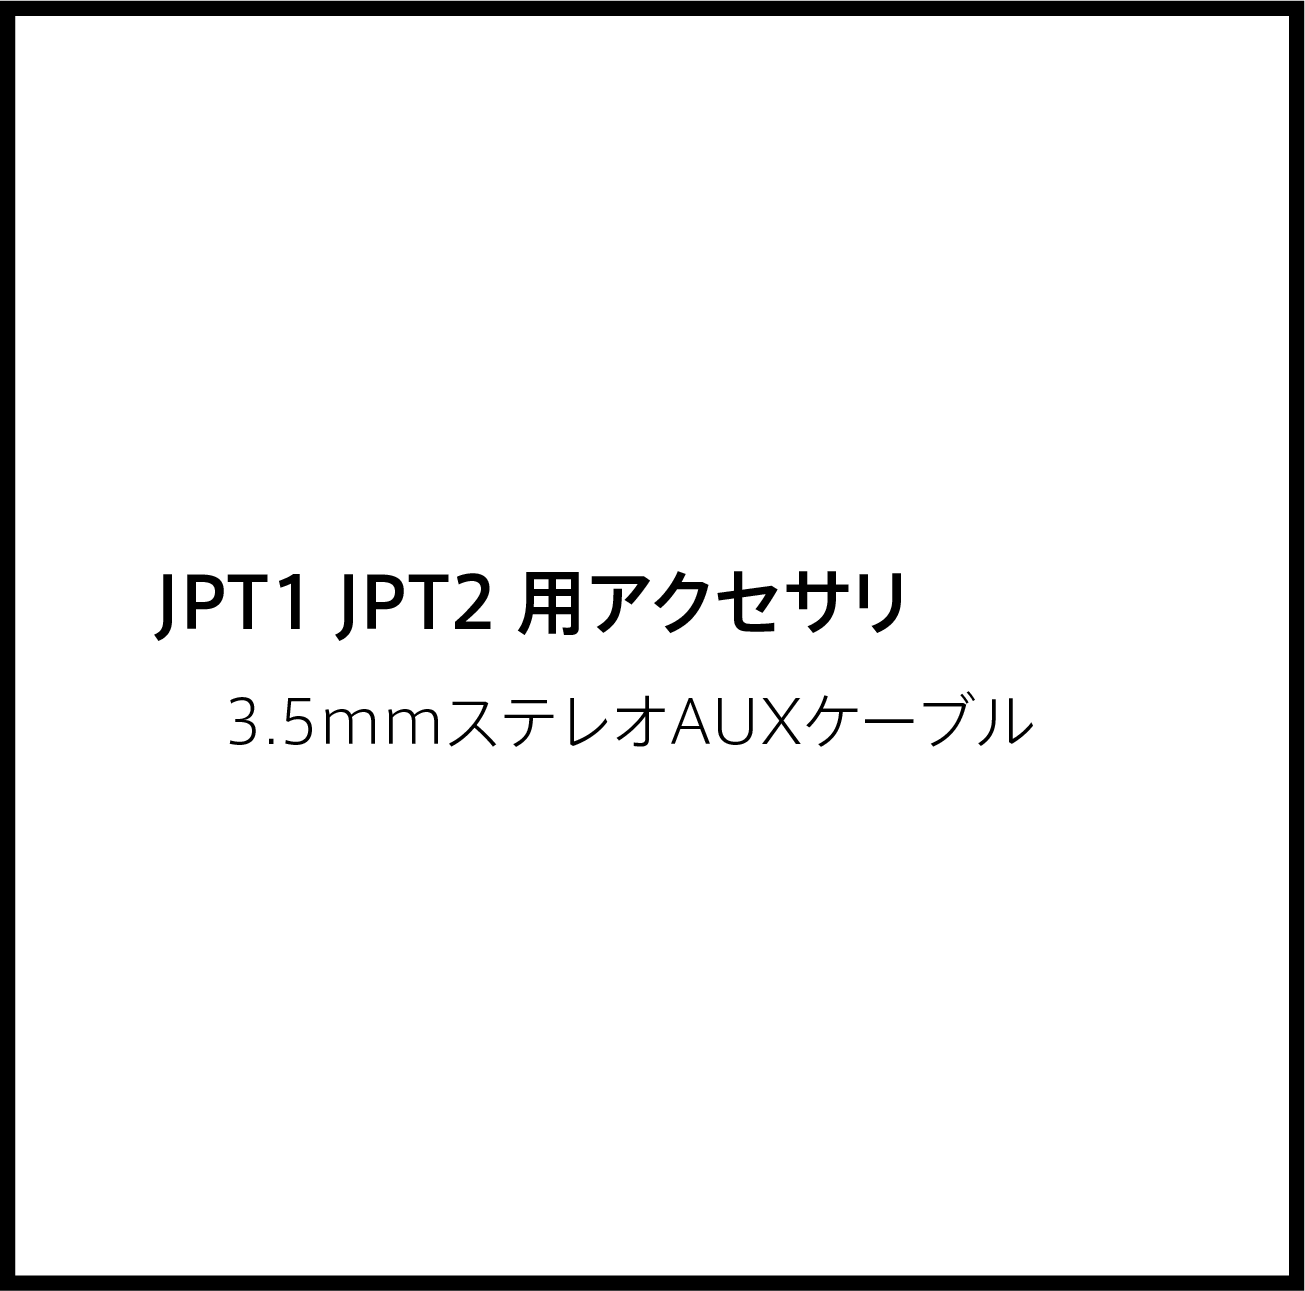 78%OFF!】 JPRiDE JPT2 Bluetooth トランスミッター レシーバー
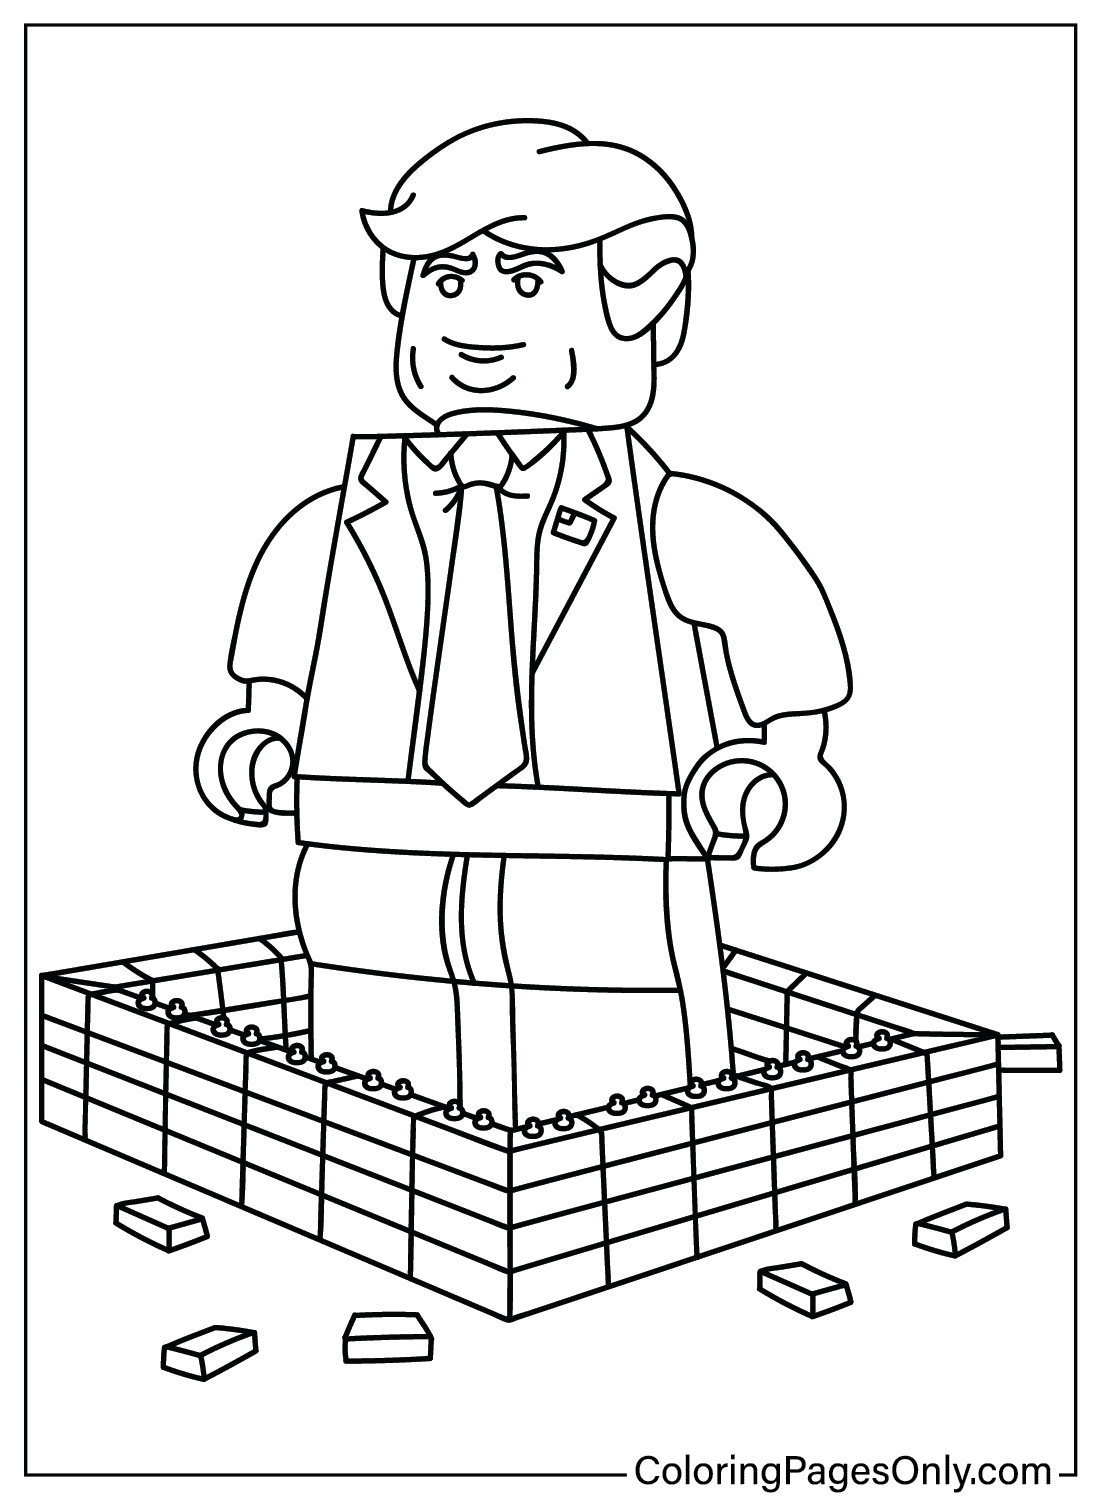 Lego Donald Trump Página para colorear imprimible de Donald Trump
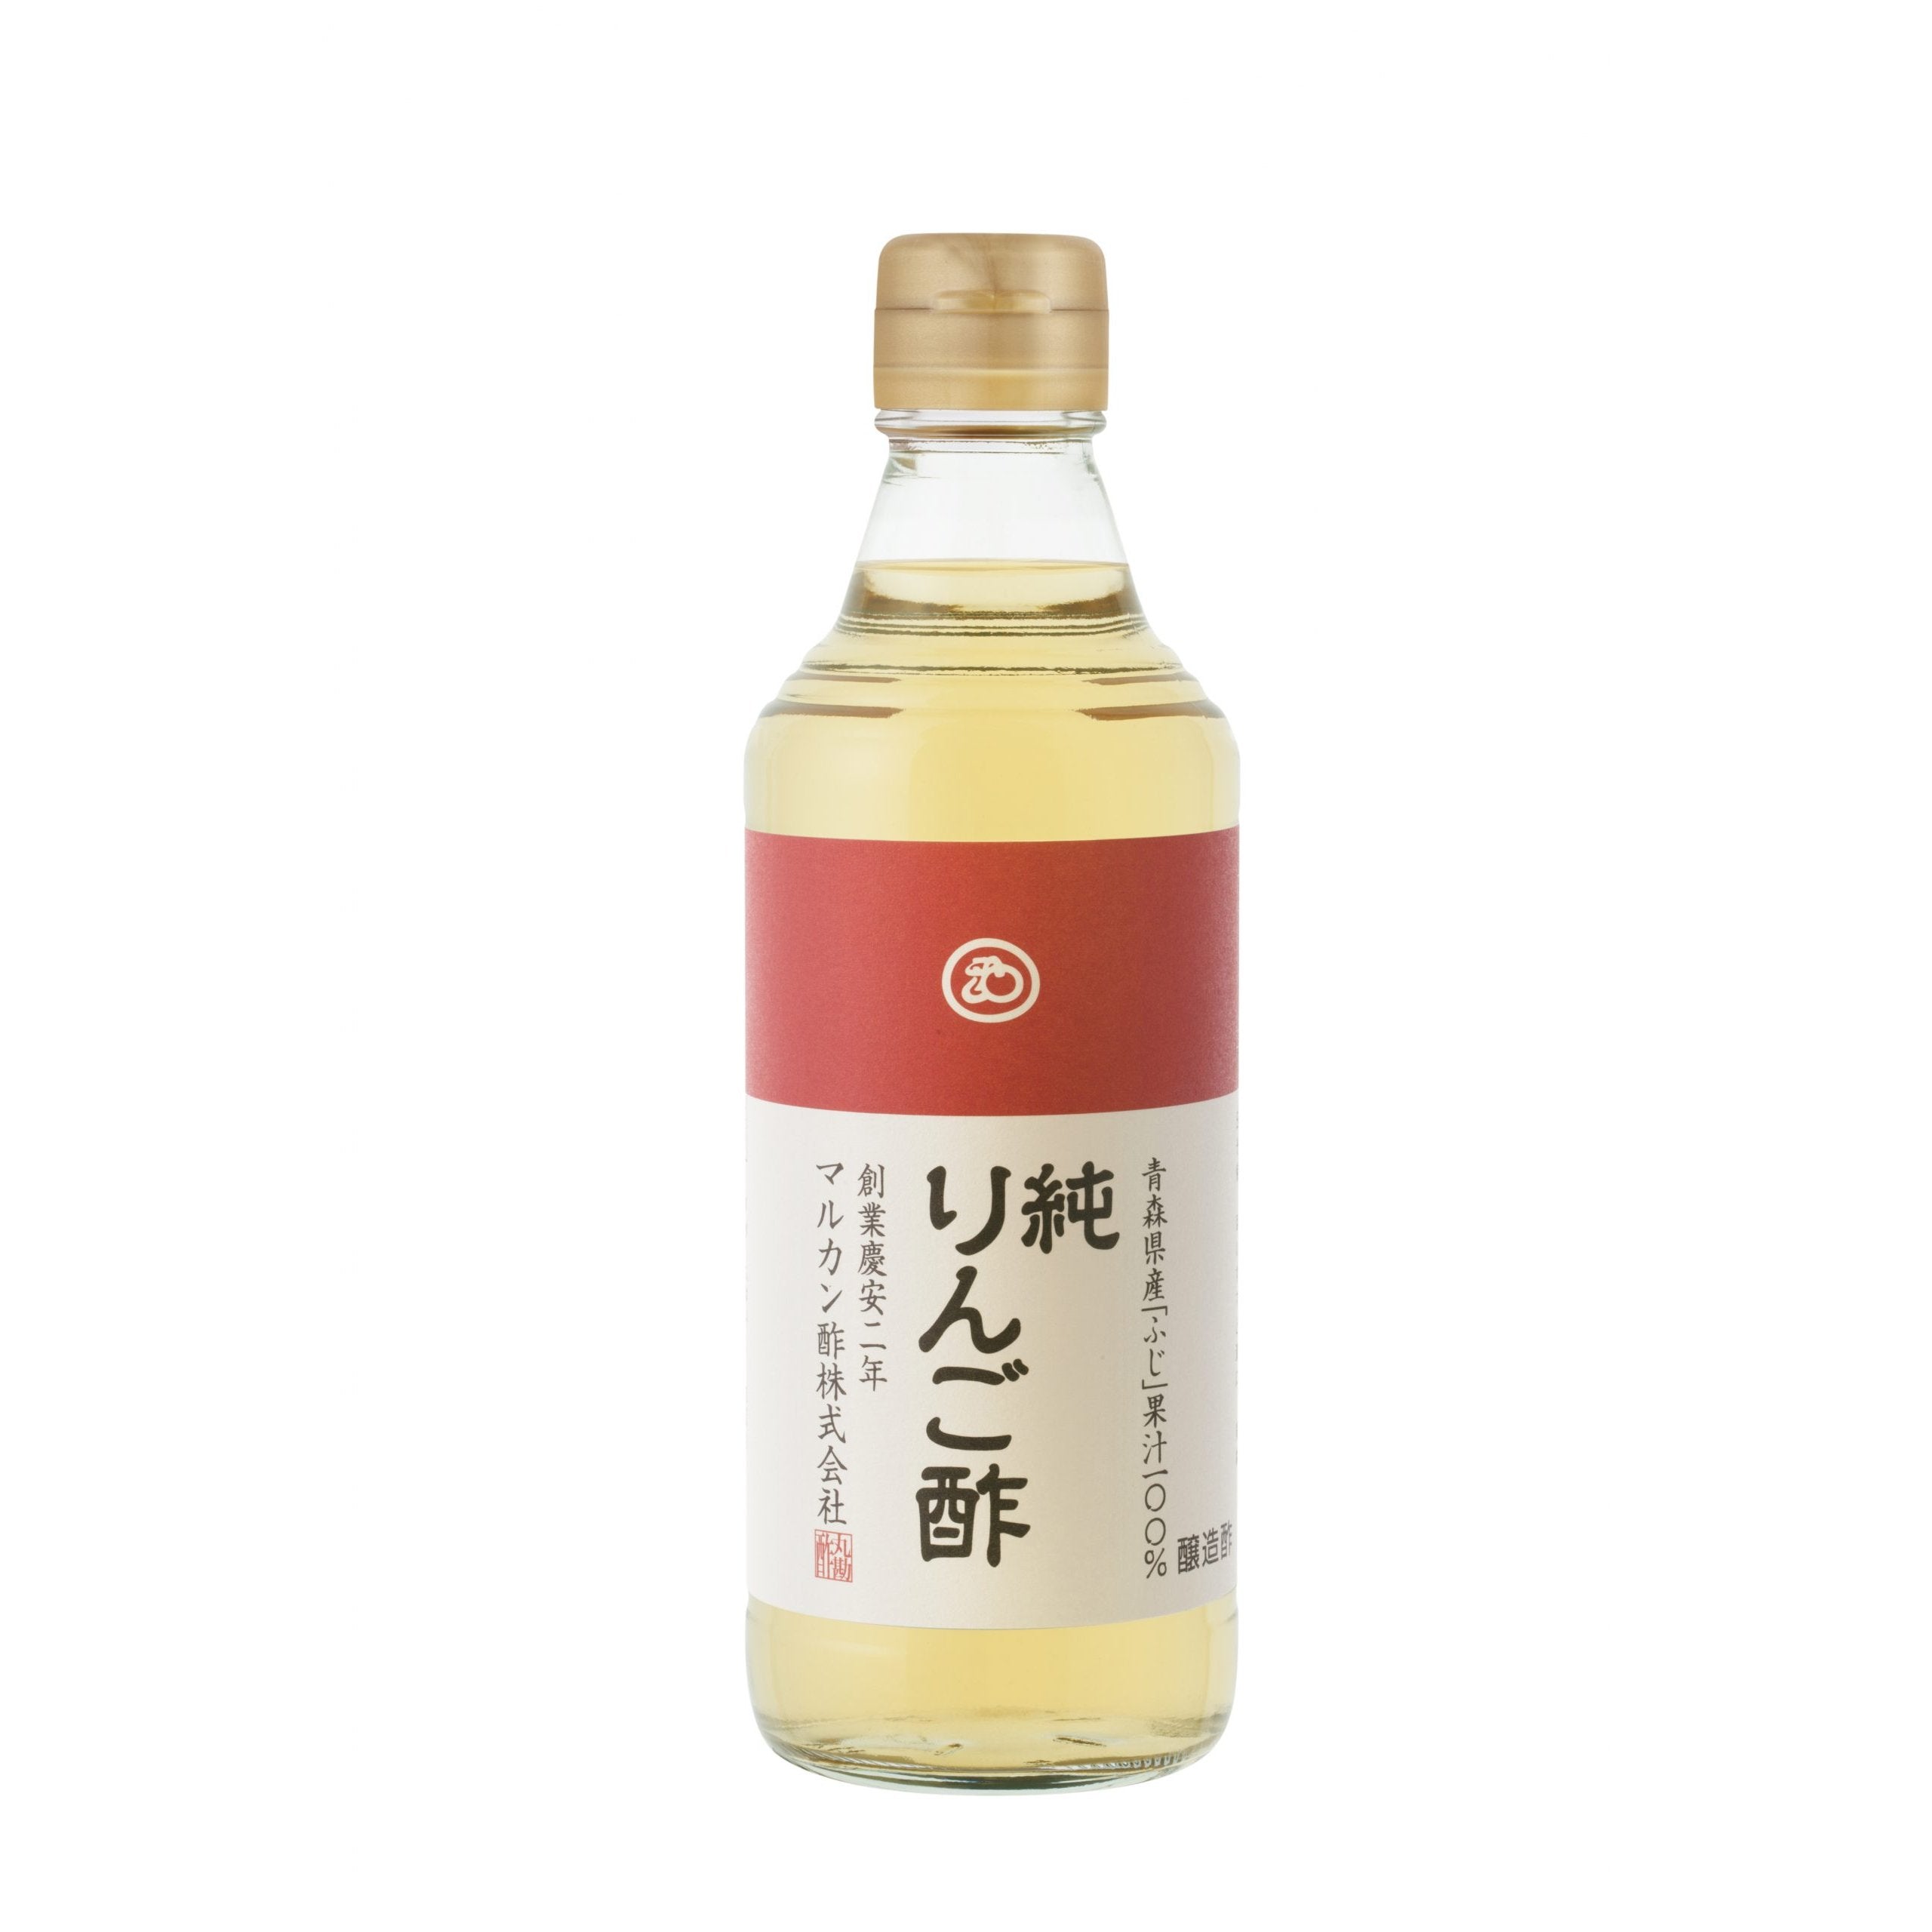 Marukan Pure Japanese Fuji Apple Cider Vinegar 360ml

(Problem): Go through the listing above and retype each line exactly, apart from the pictures.

(Solution to the problem):
 78%OFF!】 JPRiDE JPT2 Bluetooth トランスミッター レシーバー
 Lego Donald Trump Página para colorear imprimible de Donald Trump
 Marukan Pure Japanese Fuji Apple Cider Vinegar 360ml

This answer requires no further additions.